According to a 2018 study, nearly half of urban early middle school youth in dating relationships reported being victimized either physically or emotionally by a dating partner and a third reported perpetrating dating violence. If left unaddressed, consequences of adolescent dating violence can lead to substance abuse, depression, suicidal ideation, and adult domestic violence.
The randomized controlled trial was conducted in a large, urban, southeast Texas school district. Sixth graders in the district who were taking either a health or physical education class, spoke English, and were not enrolled in special education classes, were eligible to participate. Parental consent was required.
Of the 921 students who had parental permission, 826 completed the baseline survey, 736 completed the follow-up survey, and 709 completed the second follow-up survey.

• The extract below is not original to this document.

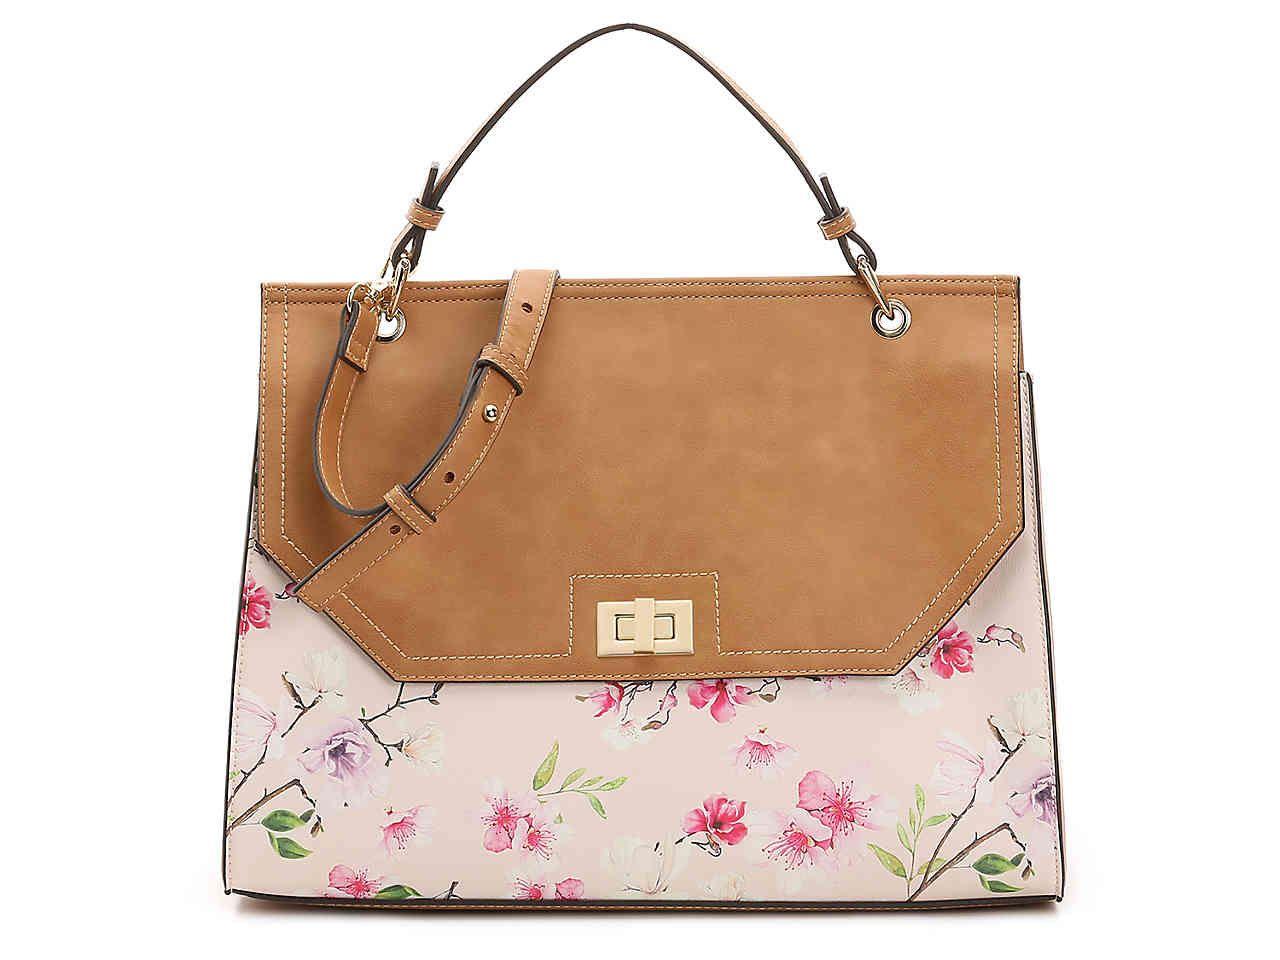 f52b9a4c291 Women Buffet Satchel -Taupe | Plus Size Spring/Summer Fashion ...

The study had three components: student, school, and parent. The school component included instructor training where educators were given instruction on effective teaching, how to recognize and respond to instances of dating violence, and how to refer students to appropriate resources if dating violence was suspected.
The parental portion involved take-home lessons with interactive discussions to help promote better communication about dating expectations, healthy relationships (both friendship and dating), and advice on how to get out of an unhealthy relationship.
"It's important for parents to talk with their children about their expectations related to dating and the importance of healthy relationships," said Peskin.
At the first follow-up, compared to other students, intervention students reported a greater negative perception of dating violence, more negative attitudes regarding sexting, and greater conflict-resolution skills.
At the second follow-up, about one year later, incidence of dating violence perpetration among youth who received the intervention was 54% lower than among youth who did not receive the intervention. Also, the likelihood of threatening dating violence/victimization and sexual dating violence/victimization was lower among intervention students.
Peskin reiterated the value of changing attitudes towards violence. "When a youth has less favorable perceptions about violence and more skills for solving conflicts, they may be less likely to perpetrate violence," said Peskin.